I have tried to eliminate the RAM by letting memtest86plus run overnight
(no errors found). dmesg does report other filesystem related segfaults
and some others that I am not so sure of.

I am not really qualified to guess whether this is software or hardware
so please see this mail as information for those more qualified. Info
below.

Regards,
  jules


# Hardware #
Dual AMD Opteron 252.
8x1GB ECC RAM (CMX1024RE-3200-Black).
LSI Logic MegaRAID SCSI 320-4X.
4 Seagate Cheetah 73.4 GB 15KRPM Ultra 320 68pin SCSI in raid5 (ST373453LW).
Tyan Thunder K8W S2885.
Kernel gentoo-sources 2.6.12-r6.
Most filesystems mounted as reiserfs with noatime and notail.

# Output of script #
./memtest.sh: line 107: 19536 Segmentation fault  mkdir $j
./memtest.sh: line 107: 19553 Segmentation fault  mkdir $j
Inconsistency detected by ld.so: dynamic-link.h: 151: elf_get_dynamic_info: 
Assertion `info[20]->d_un.d_val == 7' failed!
Inconsistency detected by ld.so: dynamic-link.h: 151: elf_get_dynamic_info: 
Assertion `info[20]->d_un.d_val == 7' failed!
Inconsistency detected by ld.so: dynamic-link.h: 151: elf_get_dynamic_info: 
Assertion `info[20]->d_un.d_val == 7' failed!
Inconsistency detected by ld.so: dynamic-link.h: 151: elf_get_dynamic_info: 
Assertion `info[20]->d_un.d_val == 7' failed!
Inconsistency detected by ld.so: dynamic-link.h: 151: elf_get_dynamic_info: 
Assertion `info[20]->d_un.d_val == 7' failed!
Inconsistency detected by ld.so: dynamic-link.h: 151: elf_get_dynamic_info: 
Assertion `info[20]->d_un.d_val == 7' failed!
Inconsistency detected by ld.so: dynamic-link.h: 151: elf_get_dynamic_info: 
Assertion `info[20]->d_un.d_val == 7' failed!


# /var/log/messages #
Aug  2 10:43:33 omc-2 [393507.742750] mkdir[19536]: segfault at 
 rip 0040184d rsp 7fe2c4b0 error 4
Aug  2 10:43:33 omc-2 [393507.818660] mkdir[19553]: segfault at 
 rip 0040184d rsp 7ffdb2e0 error 4

# The script #
#!/bin/bash
#
# memtest.sh
#
# Shell script to help isolate memory failures under linux
#
# Author: Doug Ledford  + contributors
#
# (C) Copyright 2000-2002 Doug Ledford; Red Hat, Inc.
# This shell script is released under the terms of the GNU General
# Public License Version 2, June 1991.  If you do not have a copy
# of the GNU General Public License Version 2, then one may be
# retrieved from http://people.redhat.com/dledford/GPL.html
#
# Note, this needs bash2 for the wait command support.

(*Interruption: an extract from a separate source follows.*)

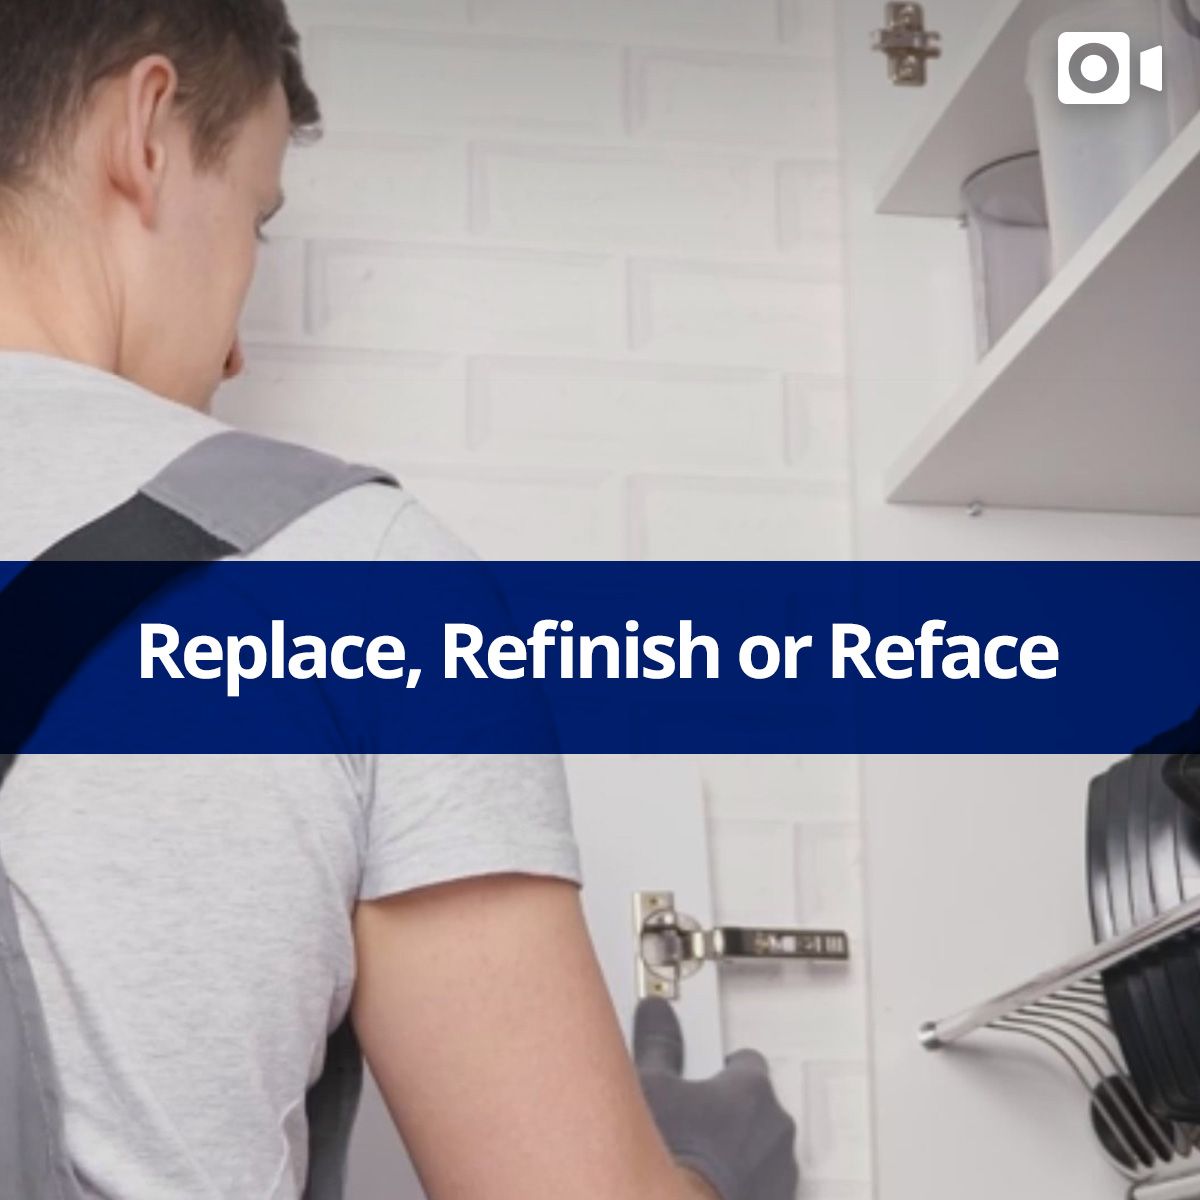 Replace, Refinish or Reface

# This is where we will run the tests at
TEST_DIR=/home/colding/tmp

# The location of the linux kernel source file we will be using
if [ -z "$SOURCE_FILE" ]; then
  SOURCE_FILE=$TEST_DIR/linux.tar.gz
fi

if [ ! -f "$SOURCE_FILE" ]; then
  echo "Missing source file $SOURCE_FILE"
  exit 1
fi

# How many passes to run of this test, higher numbers are better
if [ -z "$NR_PASSES" ]; then
  NR_PASSES=20
fi

# Guess how many megs the unpacked archive is
if [ -z "$MEG_PER_COPY" ]; then
  MEG_PER_COPY=$(ls -l $SOURCE_FILE | awk '{print int($5/1024/1024) * 4}')
fi

# How many trees do we have to unpack in order to make our trees be larger
# than physical RAM?  If we don't unpack more data than memory can hold
# before we start to run the diff program on the trees then we won't
# actually flush the data to disk and force the system to reread the data
# from disk.  Instead, the system will do everything in RAM.  That doesn't
# work (as far as the memory test is concerned).  It's the simultaneous
# unpacking of data in memory and the read/writes to hard disk via DMA that
# breaks the memory subsystem in most cases.  Doing everything in RAM without
# causing disk I/O will pass bad memory far more often than when you add
# in the disk I/O.
if [ -z "$NR_SIMULTANEOUS" ]; then
  NR_SIMULTANEOUS=$(free | awk -v meg_per_copy=$MEG_PER_COPY 'NR == 2 {print 
int($2*1.5/1024/meg_per_copy + (($2/1024)%meg_per_copy >= (meg_per_copy/2)) + 
(($2/1024/32) < 1))}')
fi

# Should we unpack/diff the $NR_SIMULTANEOUS trees in series or in parallel?
if [ ! -z "$PARALLEL" ]; then
  PARALLEL="yes"
else
  PARALLEL="no"
fi
PARALLEL="yes"

if [ ! -z "$JUST_INFO" ]; then
  echo "TEST_DIR:   $TEST_DIR"
  echo "SOURCE_FILE:$SOURCE_FILE"
  echo "NR_PASSES:  $NR_PASSES"
  echo "MEG_PER_COPY:   $MEG_PER_COPY"
  echo "NR_SIMULTANEOUS:$NR_SIMULTANEOUS"
  echo "PARALLEL:   $PARALLEL"
  echo
  exit
fi

cd $TEST_DIR

# Remove any possible left over directories from a cancelled previous run
rm -fr linux linux.orig linux.pass.*

# Unpack the one copy of the source tree that we will be comparing against
tar -xzf $SOURCE_FILE
mv linux linux.orig

i=0
while [ "$i" -lt "$NR_PASSES" ]; do
  j=0
  while [ "$j" -lt "$NR_SIMULTANEOUS" ]; do
if [ $PARALLEL = "yes" ]; then
  (mkdir $j; tar -xzf $SOURCE_FILE -C $j; mv $j/linux linux.pass.$j; rmdir 
$j) &
else
 

LSI MegaRAID problems

2007-05-30 Thread Jules Colding
Hi,

I have a "LSI Logic MegaRAID SCSI 320-4x" adapter with an external raid5
array of 5 Seagate ST336754LW and XFS as fs on it. The device in
question is /dev/sdb and the box is a dual Opteron 252.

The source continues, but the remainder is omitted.